本発明においては、ポリエステルポリオール類の数平均分子量は、500〜7000であることが好ましく、1000〜5000であることがより好ましい。
【0029】
末端イソシアネートプレポリマーの末端を疎水性にするために、炭素原子数8〜32の炭化水素基を導入する方法としては、末端イソシアネート基にモノアルコールを反応させる方法を使用することことから、末端疎水性基導入剤(a−3)としては、モノアルコール化合物を使用することが好ましい。
前記炭素原子数8〜32のモノアルコールとしては、直鎖及び分岐モノアルコール、並びに、分子中に1個の水酸基を有する置換及び非置換のシクロアン及びシクロアルケン化合物が挙げられる。
【0030】
前記炭素原子数8〜32の分直鎖及び分岐モノアルコールとしては、例えば、オクタノール、デカノール、ウンデカノール、ドデカノール、トリデカノール、テトラデカノール、ペンタデカノール、ヘキサデカノール、ヘプタデカノール、オクタデカノール、ノナデカノール、イコサノール、ヘンイコサノール、ドコサノール、トリコサノール、テトラコサノール、ペンタコサノール、ヘキサコサノール、ヘプタコサノール、オクタコサノール、ノナコサノール、トリアコンタノール、ヘントリアコンタノール、ドトリアコンタノール等の直鎖及び分岐アルコールが挙げられる。
特に、塗料のタレ防止効果、入手容易性、水系ポリウレタン樹脂の製造容易性の観点から炭素原子数12〜24のモノアルコールを使用することが好ましい。
【0031】
前記分子中に1個の水酸基を有する置換及び非置換のシクロアルカン化合物としては、例えば3員環〜10員環のシクロアルカノール化合物及び置換基に水酸基を有するシクロアルカン化合物が挙げられる。

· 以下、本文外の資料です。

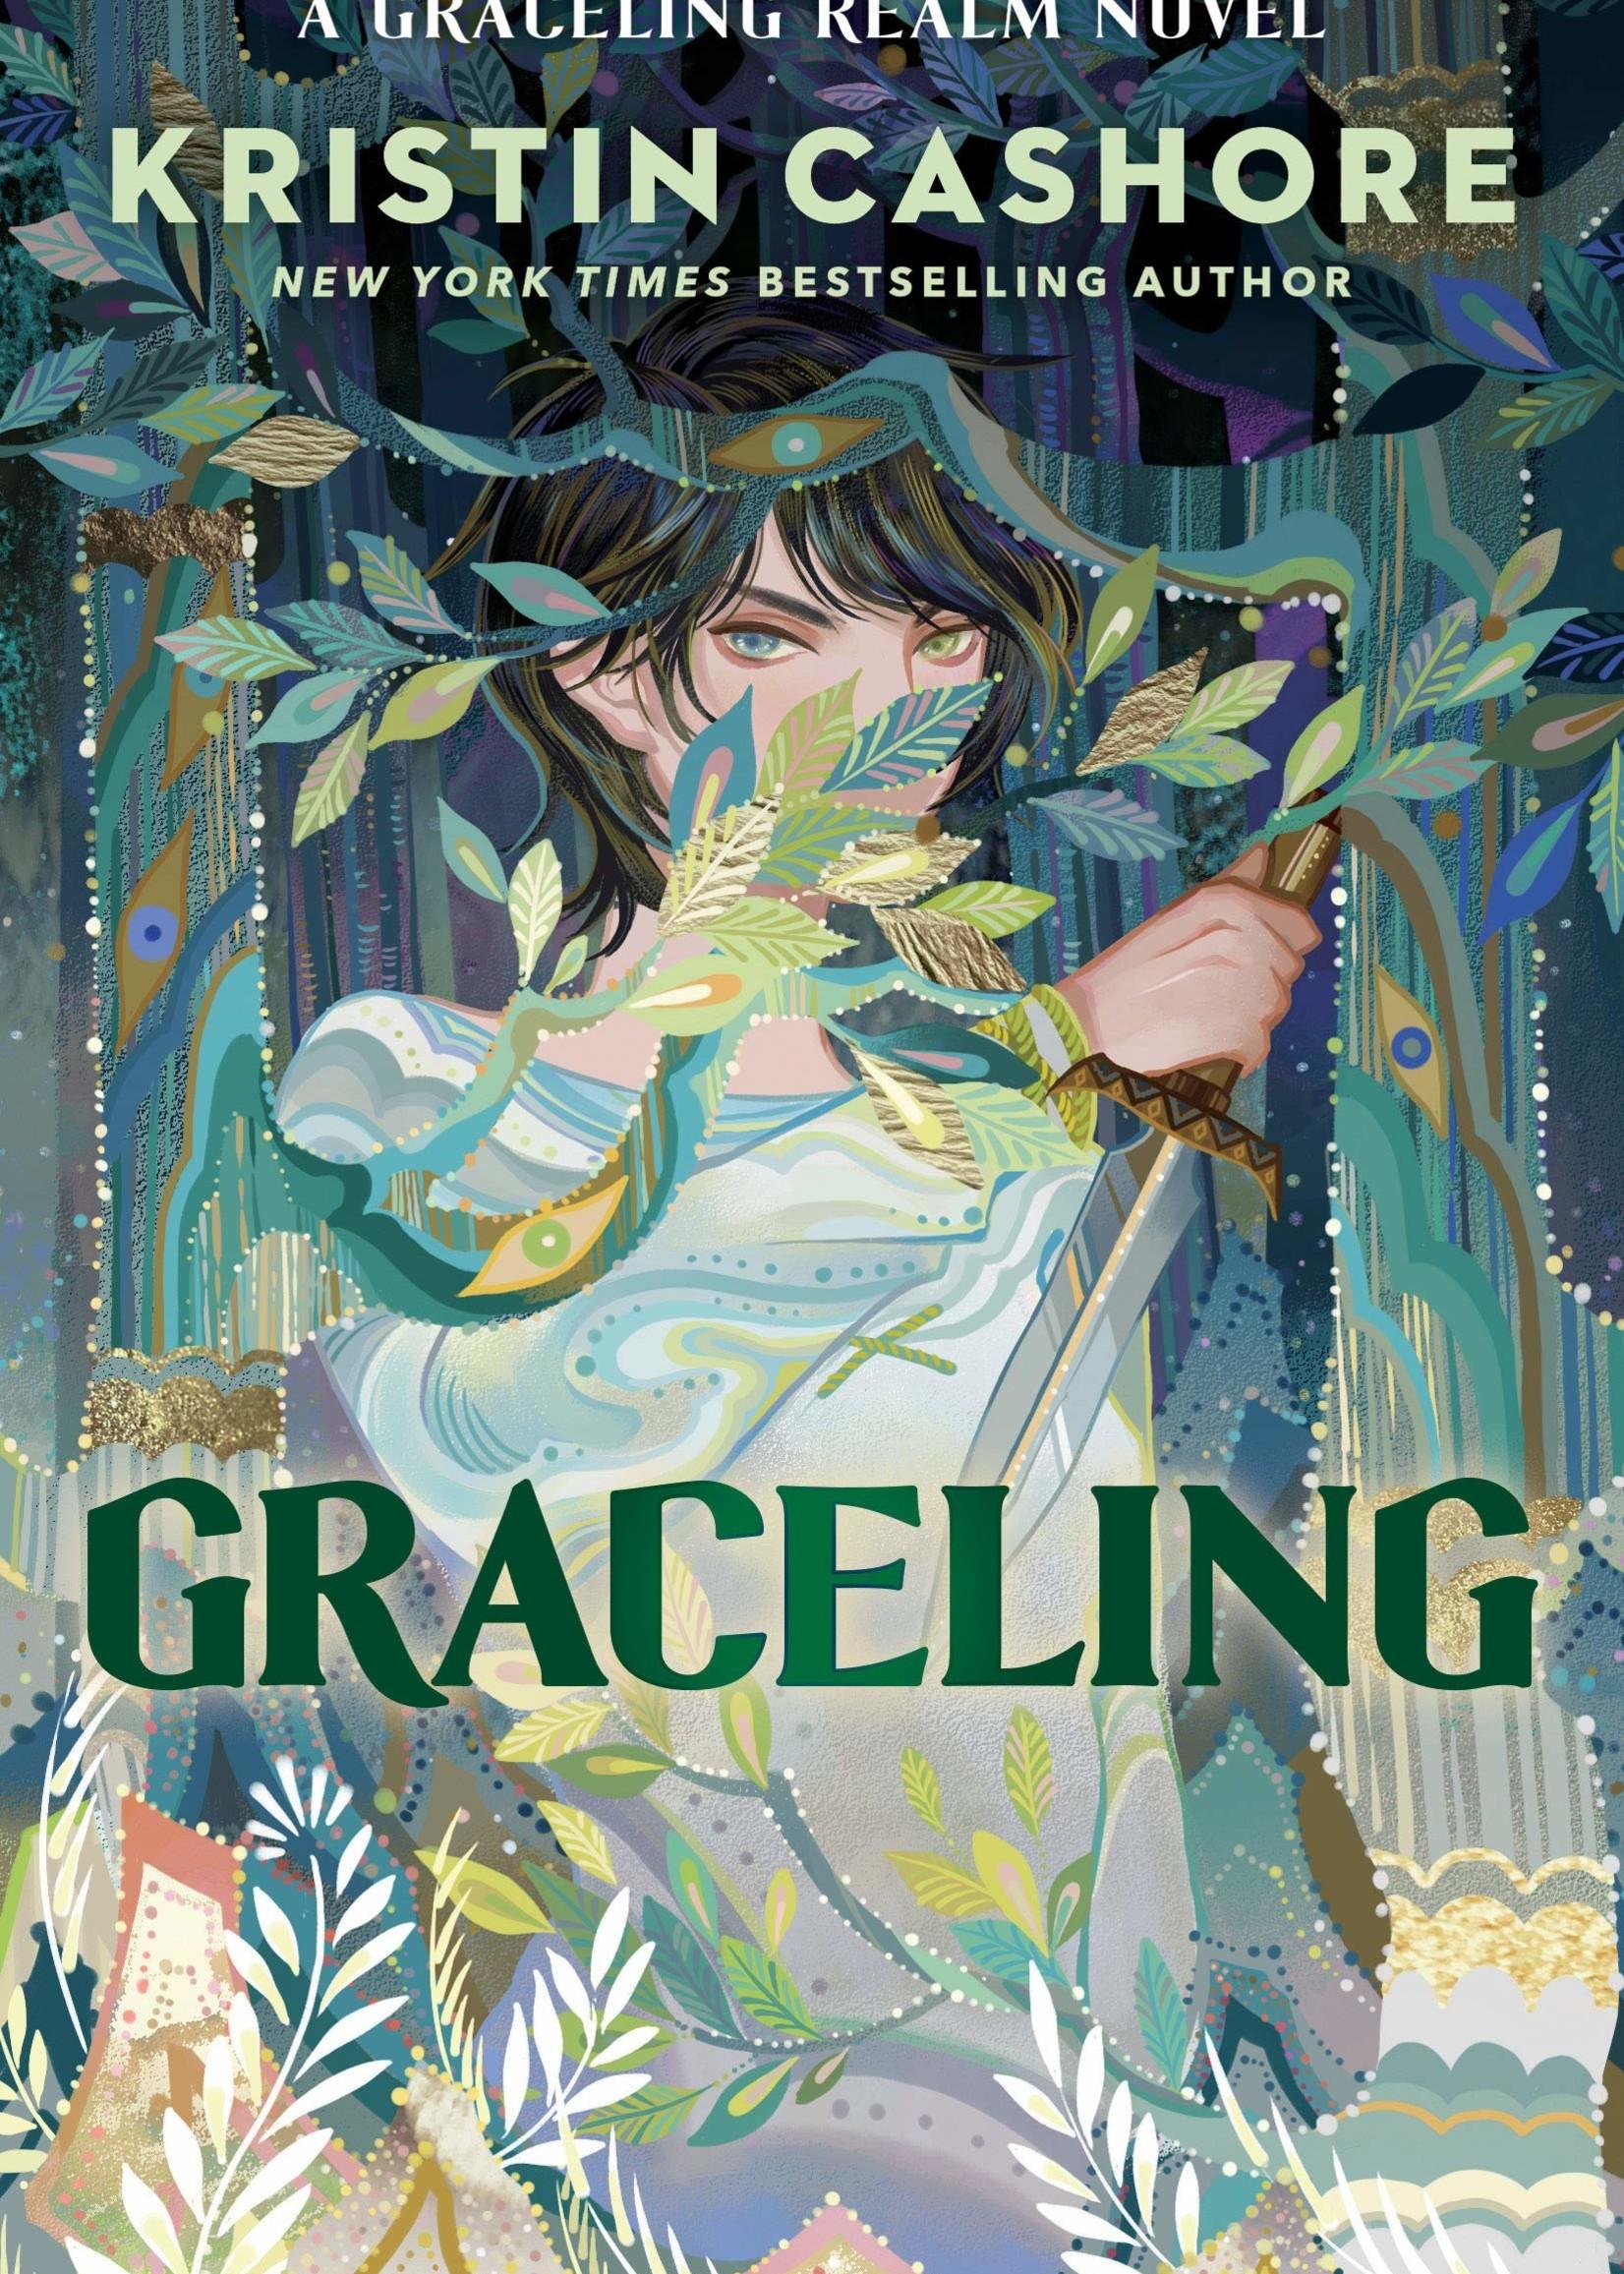 Graceling Realm #01, Graceling - Paperback

シクロアルカンとしては、シクロプロパン、シクロブタン、シクロペンタン、シクロヘキサン、シクロヘプタン、シクロオクタン、シクロノナン及びシクロデカン等が挙げられる。
特に、塗料のタレ防止効果及び入手容易性の観点から、シクロヘキサン化合物を使用することが好ましい。
【0032】
前記分子中に1個の水酸基を有するシクロアルケン化合物としては、置換又は非置換のシクロヘキセノール化合物、置換基に1つの水酸基を有するシクロブテン、シクロペンテン及びシクロヘキセン化合物を使用することが好ましく、塗料として使用した時のタレ防止効果及び入手容易性の観点から、水酸基を有するシクロヘキセン化合物を使用することが好ましく、α−テルペノールや4−テルペノール及びこれらの誘導体構造を有する化合物を使用すること特に好ましい。
【0033】
本発明の水系ポリウレタン樹脂の製造において、末端疎水性基導入剤(a−3)の使用量は、必要に応じてイオン性基導入成分を反応させた末端イソシアネートプレポリマーのイソシアネート当量1.0に対して0.05〜1.0であることが好ましく、0.1〜0.9であることがより好ましい。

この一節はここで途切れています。